Four years before the 1954 landmark Supreme Court decision Brown v. Board of Education struck down legal segregation in public schools, the University of Virginia Law School enrolled an African-American student for the first time in its 131-year history. On September 5, 1949, a special three-judge federal court, in a case fought by the Virginia branch of the NAACP Legal Defense and Educational Fund, Inc., the University of Virginia was ordered to grant admission to 25-year-old Gregory Hayes Swanson.

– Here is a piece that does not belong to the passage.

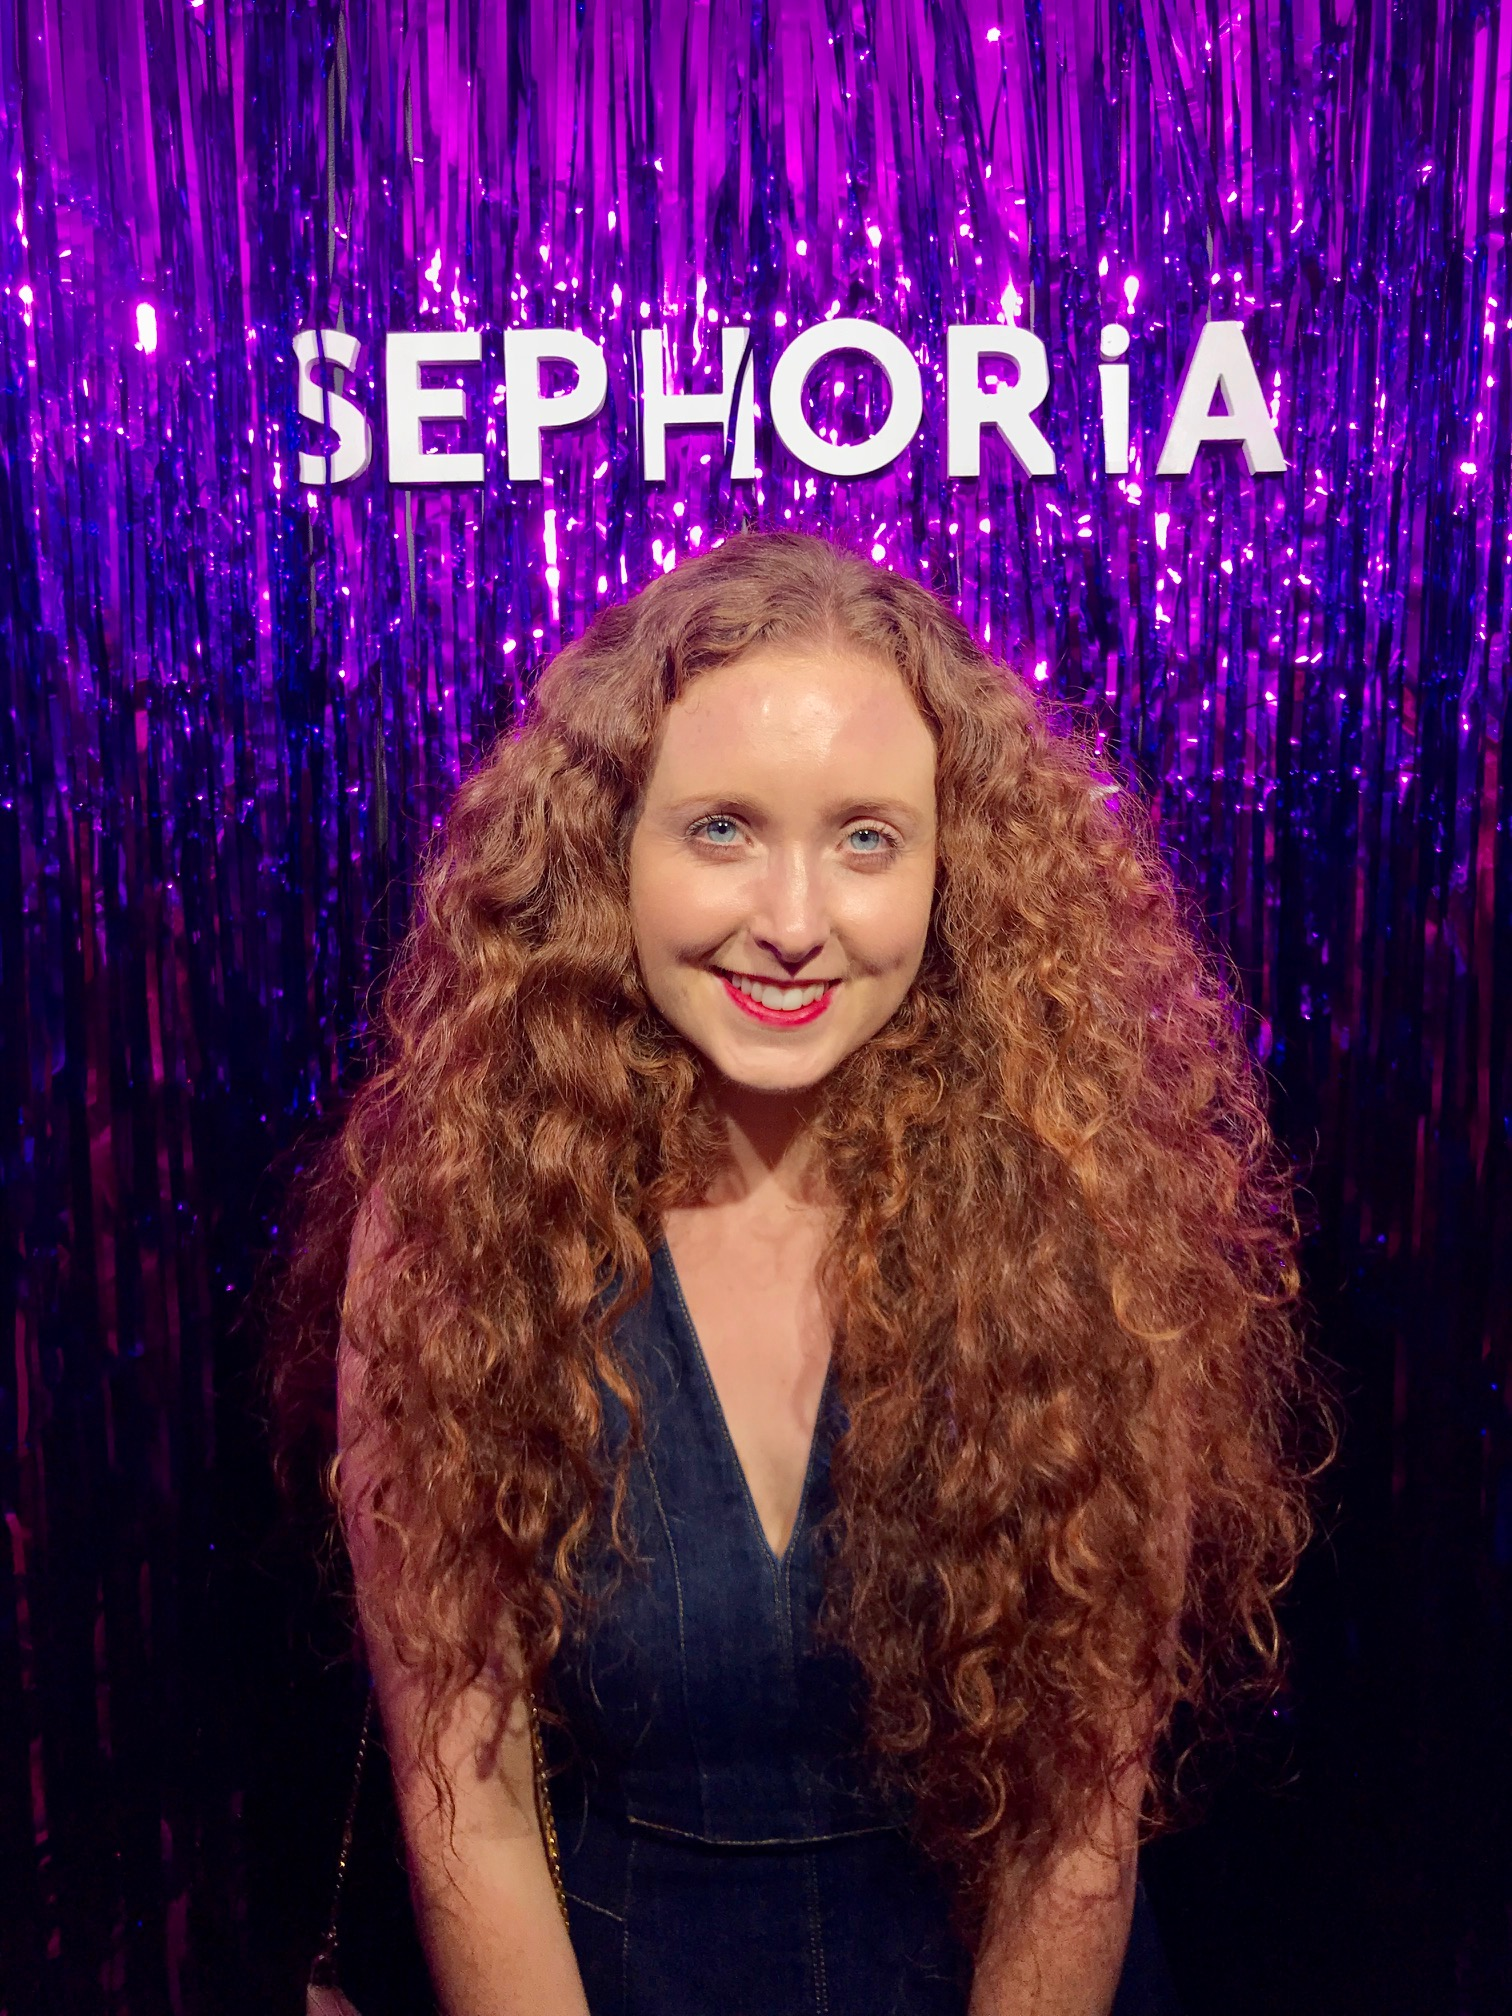 Sephoria - the most amazing beauty event!
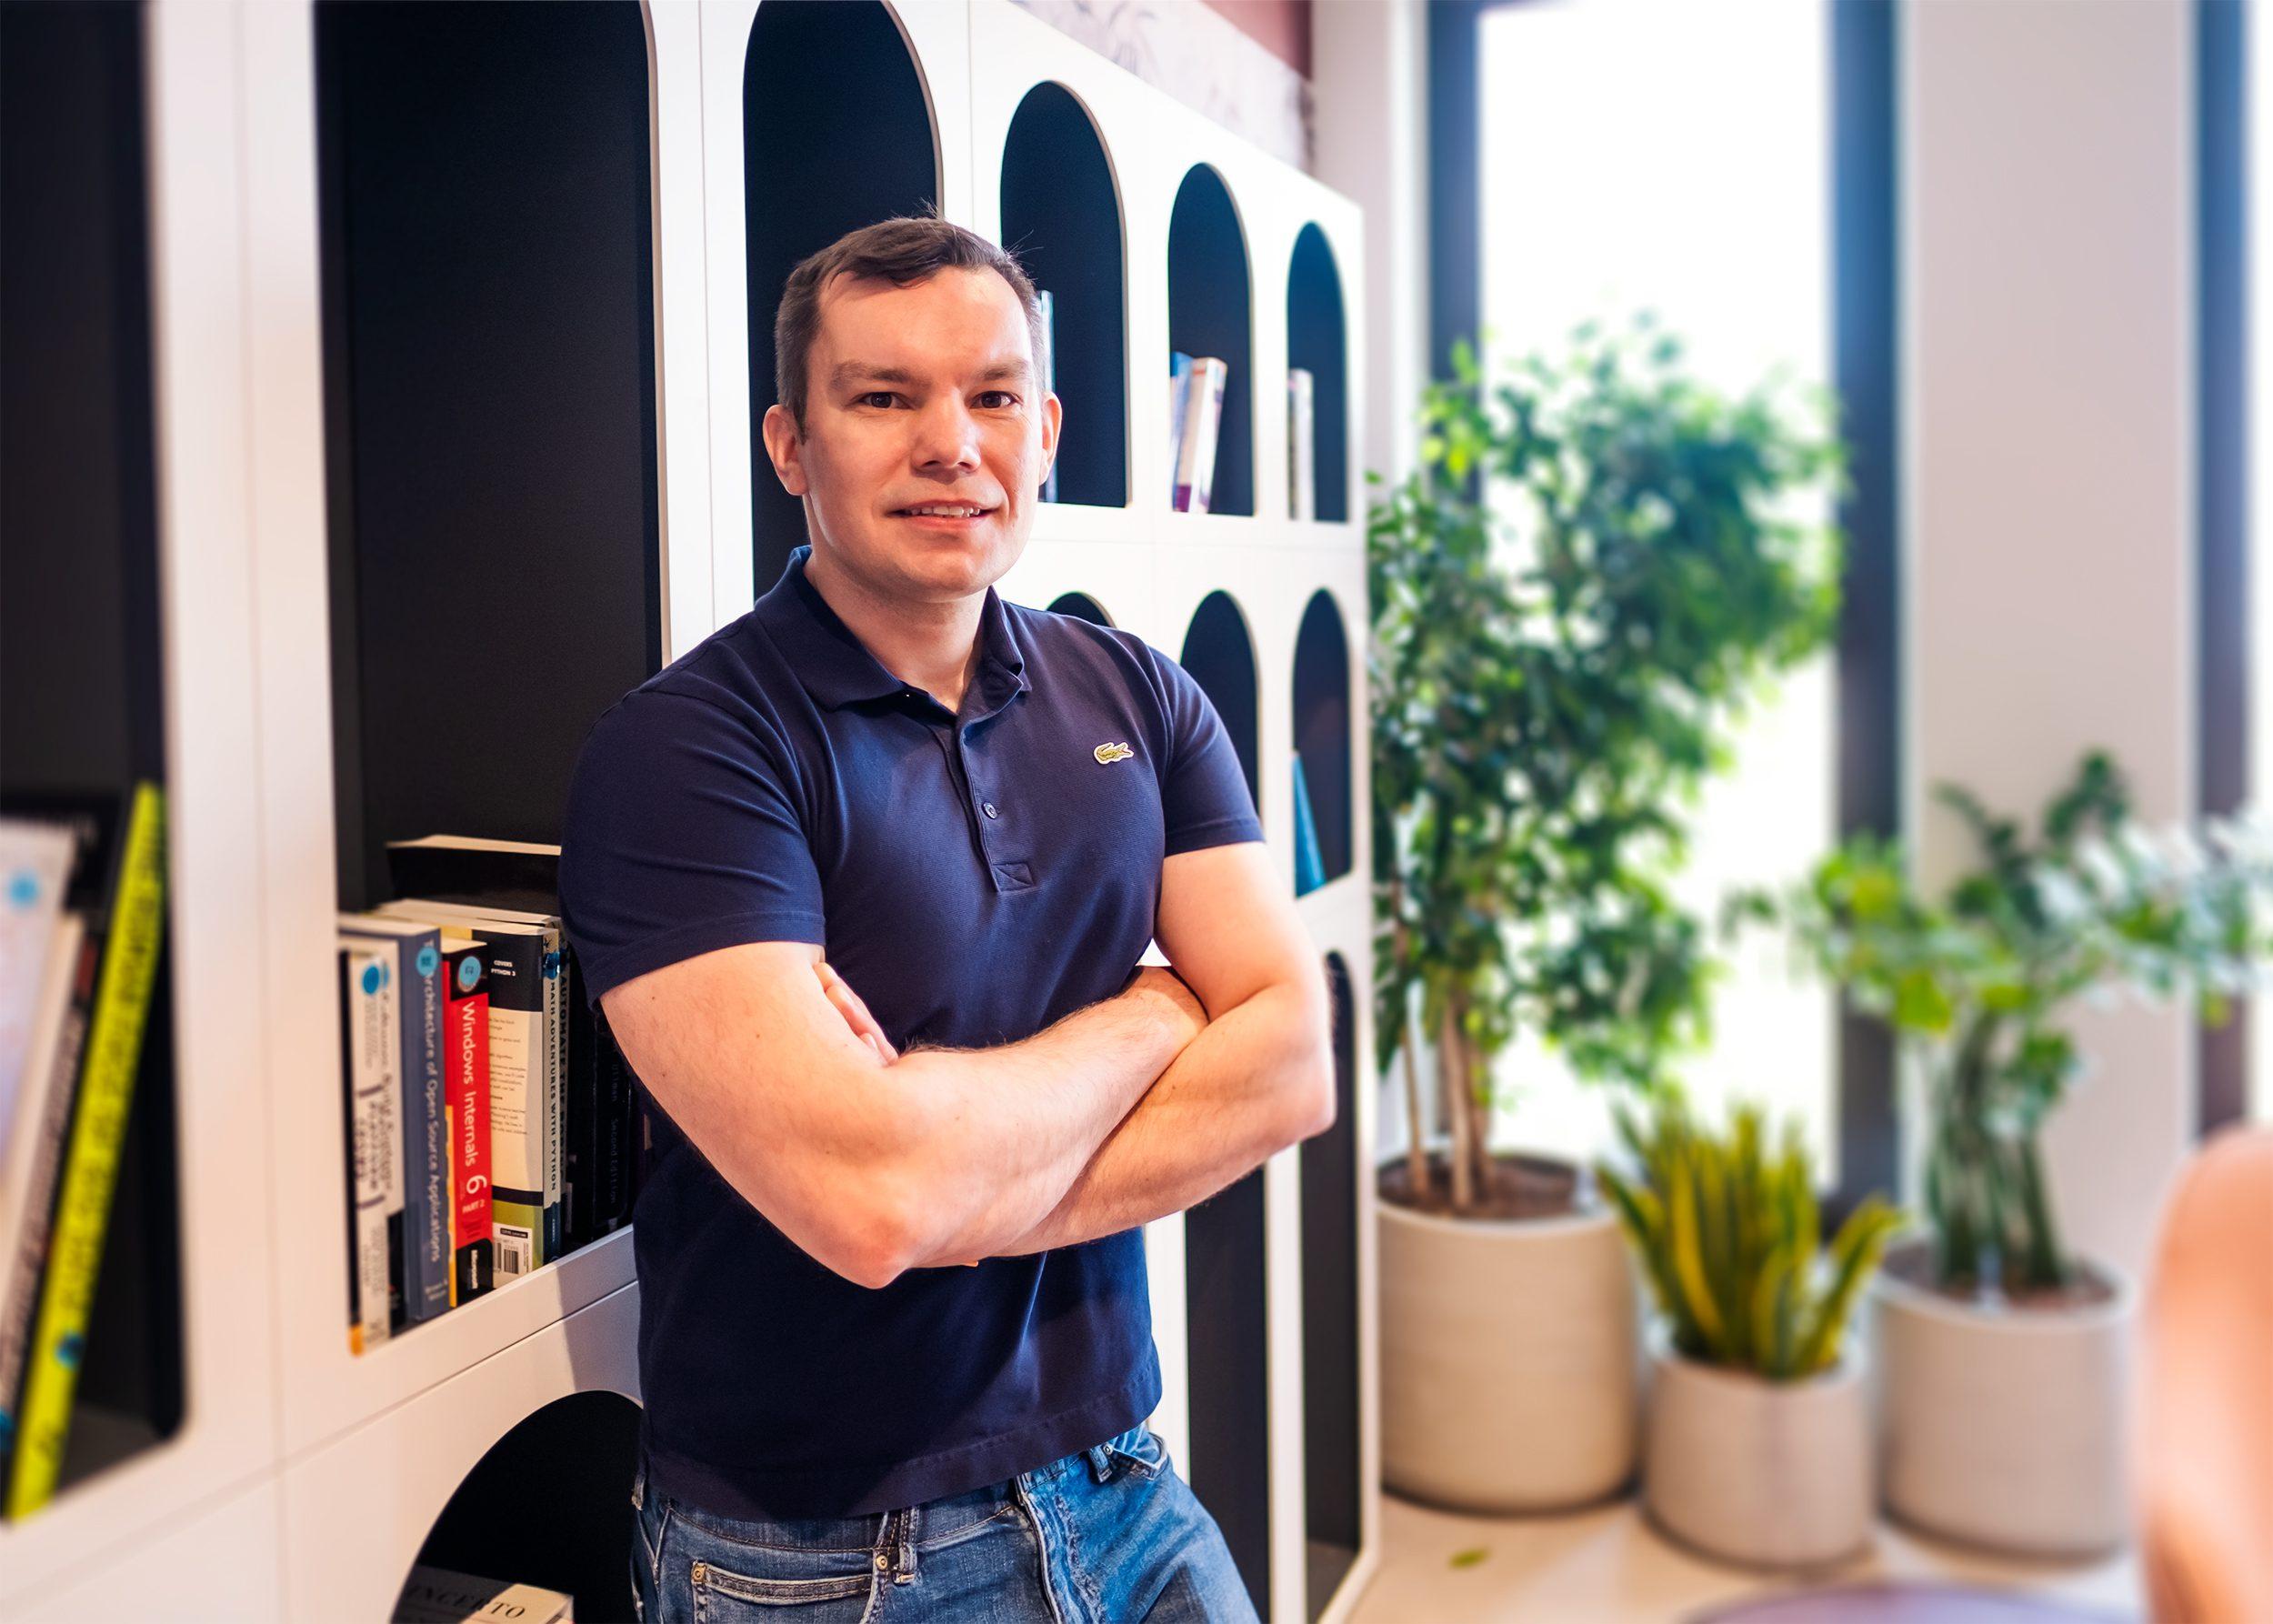 Konstantin Bulenkov, UI Team Lead at JetBrains

At the time, Swanson, a native of Danville, Virginia, held bachelor’s degrees in political science and law from Howard University. He had also been recently admitted to the Virginia Bar, and was practicing law in Danville when he applied to the law school in November 1949. Swanson submitted his application to the University of Virginia because he wanted to study corporation and insurance law, and it was the only state-supported institution with a law school. Despite his qualifications and majority support from faculty and students, the university’s Board of Visitors rejected his application because it felt obligated to comply with the State Constitution’s ban on integrated educational facilities.
With assistance from the Legal Defense Fund, Swanson filed a case against the University of California, which came on the heels of the previous successful rulings in Sweatt v. Painter and McLaurin v. Oklahoma Board of Regents (1950). In those cases, the Supreme Court ruled that segregation of black students by state-funded institutions in higher education stigmatized them and deprived them of access to an equal education. Following the precedents set by victories in the earlier cases, in a trial that lasted less than 30 minutes, the U.S. Circuit Court of Appeals ruled that a state institution maintaining only one tax-supported graduate “cannot bar Negroes for reasons of race or color,” and ordered Swanson’s admission.
Though Swanson successfully enrolled in the fall of 1950, he was barred from living on campus and isolated from social activities. In July 1951, he withdrew from the university, citing harassment and racial hostility. Swanson went on to practice law in Martinsville and Alexandria, Virginia and later for the Internal Revenue Service until he retired in 1984. Though he withdrew from the University of Virginia, Swanson’s case paved the way for other African Americans to successfully gain admission to the school sans legal enforcement.